That graph network is constructed in almost the same way as how popular social media networks were built, such as Facebook and Twitter, where millions of people are linked to each other. Instead of connecting personal accounts to the ones of other Facebook friends or Twitter followers, the Open Tree of Life network links species based on their evolutionary relationships.

“There will be a full-running system before the summer”

“With such a large amount of data it is important for social media companies to learn how those networks can retrieve information swiftly,” explains Smith. “We are basically doing the same thing, trying to connect the dots in a meaningful way and as efficient as possible for the researchers that will be using the software.”

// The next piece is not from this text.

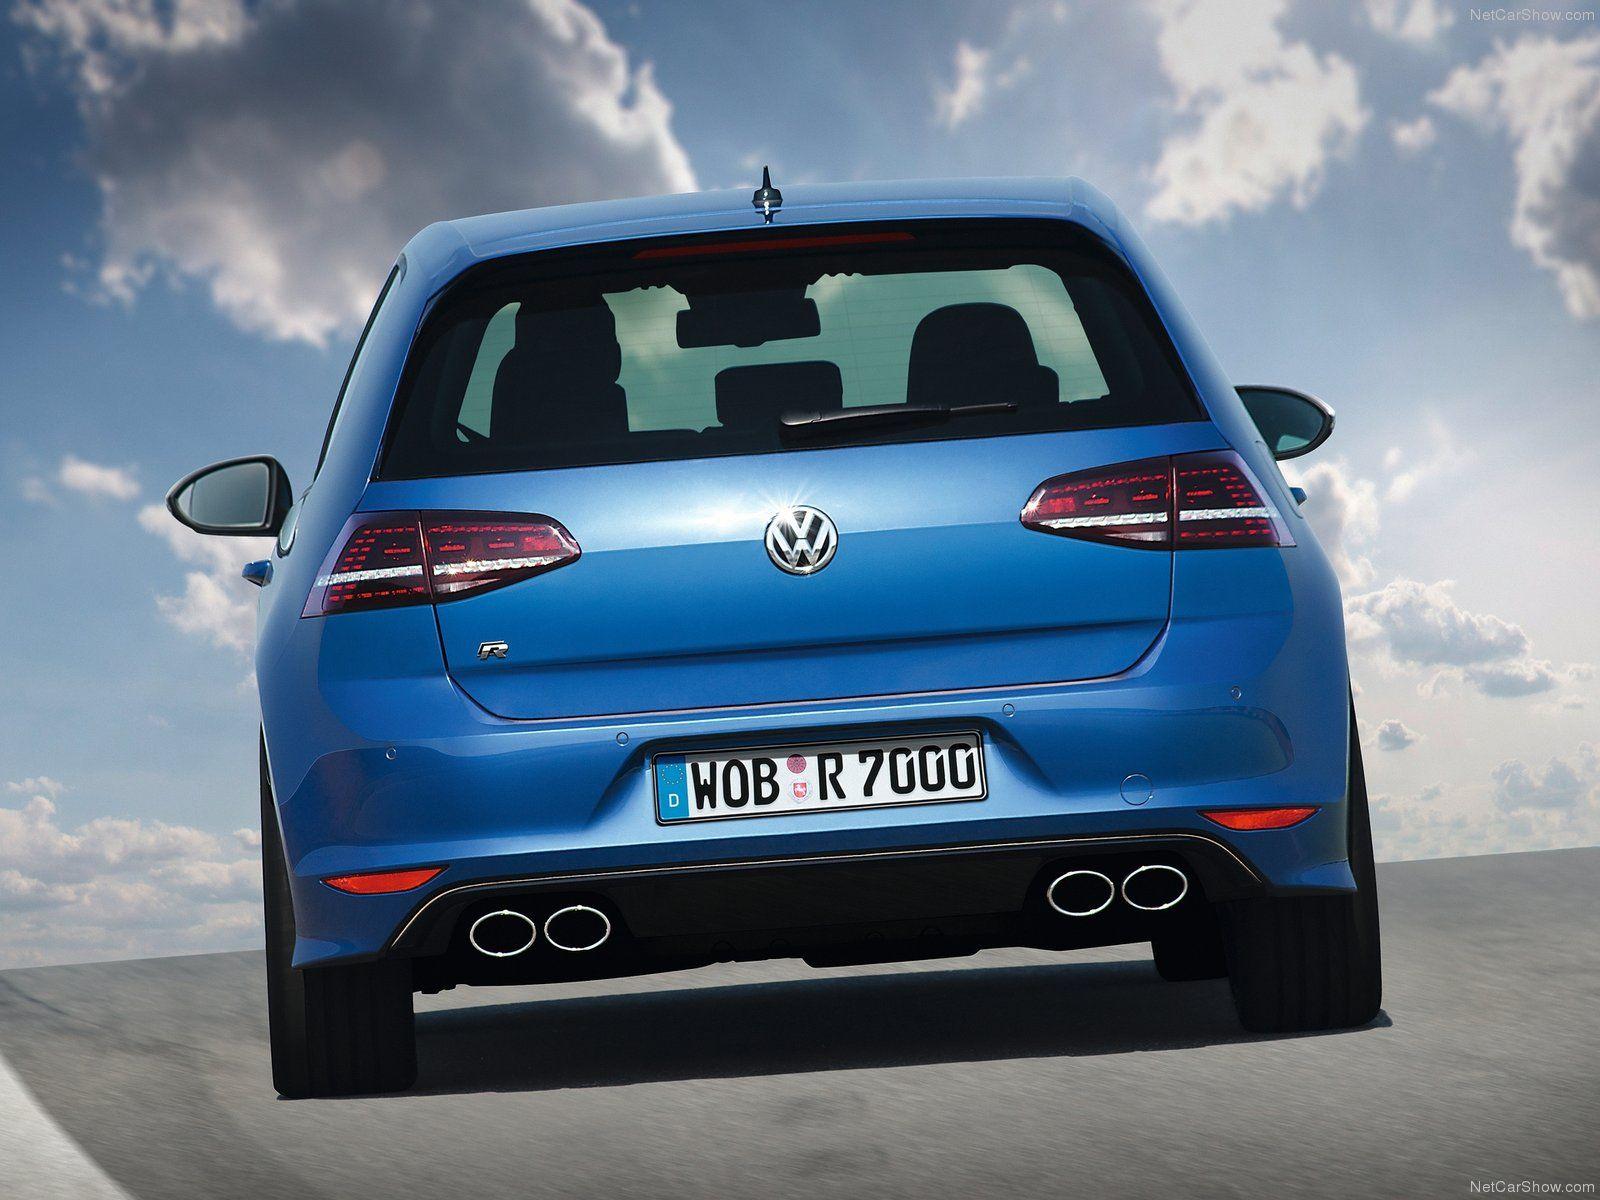 Volkswagen Golf R 2014 Volkswagen Volkswagen Golf Volkswagen

Smith and his colleagues have set August of next year as the deadline for presenting the first draft of the Open Tree of Life. But the team needs to have the software running much earlier to be able to test it. “We need a working back-end ready in a couple months, because we want a full-running system before the summer. That is completely possible and we are working hard to get much done quickly so we can hit that later deadline. If we have a relatively well-working back-end around new years, then we can do a lot of bug testing to get it all worked out before we are supposed to be ready.”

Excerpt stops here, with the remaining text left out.